For more than a year, Islamic State exercised total control over Sirte, building its primary North African base in the coastal city. But it struggled to keep a footing elsewhere in Libya and by December was forced out of Sirte after a six-month campaign led by brigades from the western city of Misrata backed by US air strikes.

The jihadist group lost many fighters in the battle and now has no territory in Libya, but fugitive militants and sleeper cells are seen as a threat in a country deeply fractured and largely lawless since the 2011 uprising that toppled Muammar Gaddafi.

The threat is focussed south of the coastal strip between Misrata and Tripoli, arcing to the south-east around Bani Walid and into the desert south of Sirte, said Ismail Shukri, head of military intelligence in Misrata.

One group of 60-80 militants is operating around Girza, 170 km west of Sirte, another group of about 100 is based around Zalla and Mabrouk oil fields, about 300 km south-east of Sirte. There are reports of a third group present in Al-Uwaynat, close the Algerian border, he said.

Some fighters were based outside Sirte before last year’s campaign, some fled during the battle and some arrived from eastern Libya where they have been largely defeated by rival armed factions.
“They work and move around in small groups. They only use two or three vehicles at a time and they move at night to avoid detection,” said Mohamed Gnaidy, an intelligence official with forces that conducted the campaign in Sirte.

Those forces published pictures in the wake of last month’s US strike showing hide-outs dug into the sand, temporary shelters camouflaged with plastic sheeting and branches, stocks of weapons and satellite phones.
“This area is difficult so it’s hard for our forces to deal with them,” said Shukri, pointing to satellite images of steep rocky banks and tracks in the sand south-west of Sirte. “The only solution to eliminate them in this area is through air strikes.”

ATTACKS ON INFRASTRUCTURE

Mohamed Gnounou, a Misrata-based air force spokesman, said the militants were monitored for 45 days ahead of the US strike. “It confirmed a large number of individuals preparing something new in this place, as well as developing a strategy to head to new areas.” The areas included rural districts near the coastal cities of Al Khoms and Zliten, between Misrata and Tripoli and the region around the southern city of Sabha, he said.

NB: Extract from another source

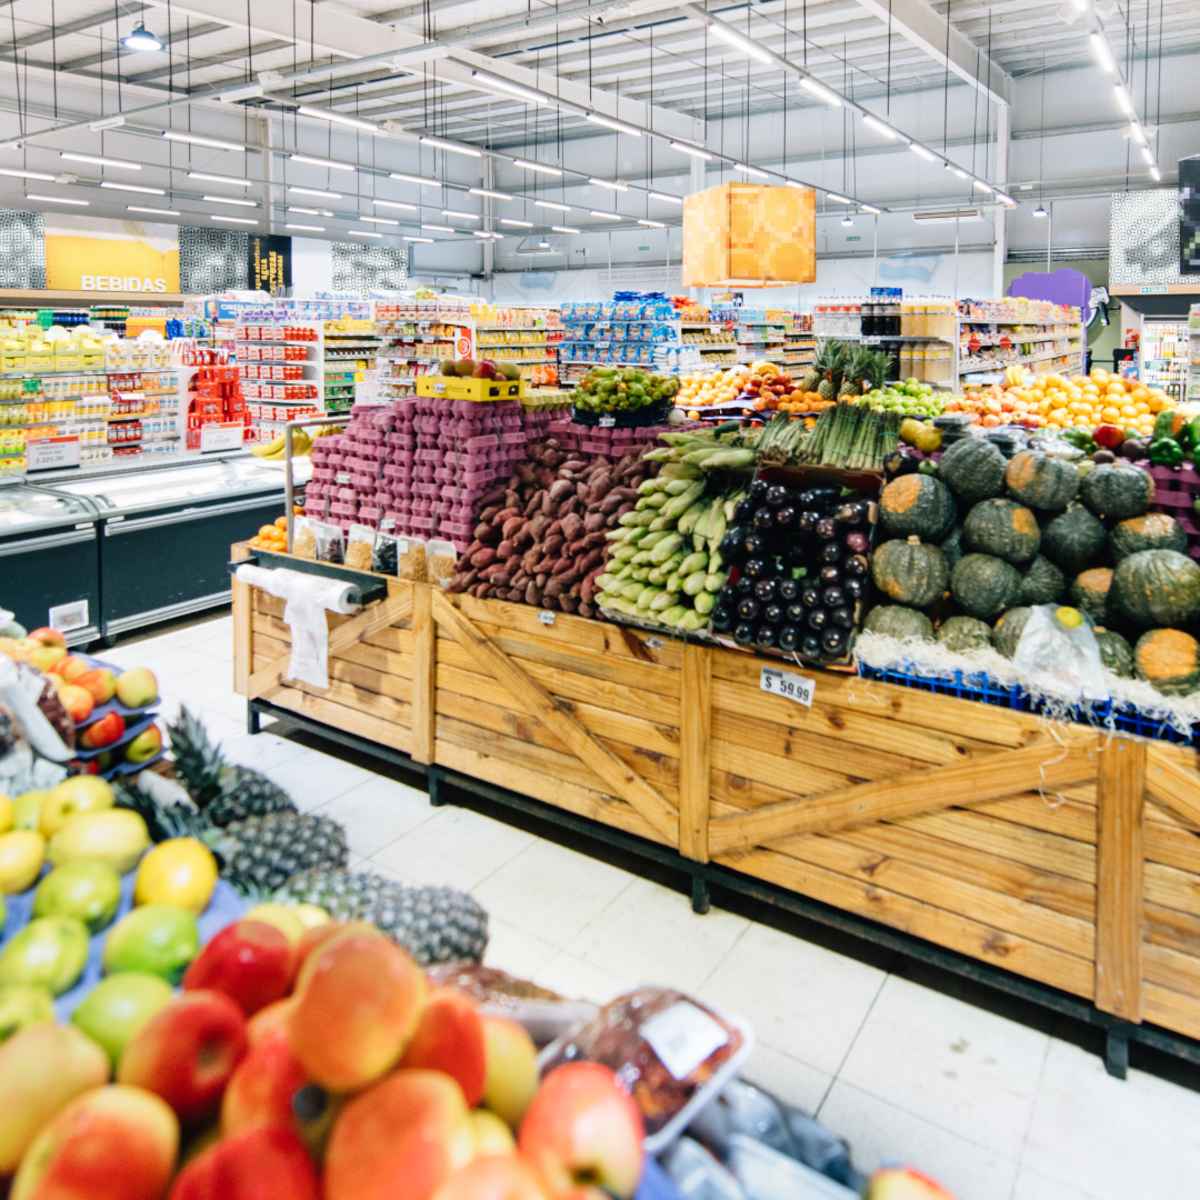 Are supermarkets good for the local community? Or do they hurt local shops?

Islamic State fighters received logistic help from civilians and paid some of them to help cut off power and water supplies, including by sabotaging a water link to Tripoli in the Great Man-made River system built by Gaddafi and attacking electricity infrastructure near the southern city of Sabha, where there have been long blackouts in recent weeks, said Gnounou.
“Daesh (Islamic State) destroyed more than 150km of electricity pylons in the south between Jufra and Sabha. These acts fuel crisis and frustration in Libya, as well as giving an opportunity for gold diggers who smuggle through the open borders and make easy money from Daesh,” he said.

Sirte suffered extensive damage during the battle against Islamic State. Military officials from Misrata say they have the city secured and some residents have begun returning to central neighbourhoods.

But they also complain about a lack of support from the UN-backed Government of National Accord (GNA) in Tripoli and are nervous about military advances by forces loyal to military commander Khalifa Haftar to the east and south of Sirte.

Haftar, who has rejected the GNA, was on the opposite side to Misrata’s brigades in a conflict that flared up across Libya in 2014, just as Islamic State was gaining strength.

Both sides accuse the other of using Islamic State to their advantage, while waging separate campaigns against jihadists.
“The support we are getting is not equivalent to the risk we face or the sacrifice we have made,” said Shukri. “We need the political authorities, the (GNA) to continue the next step.”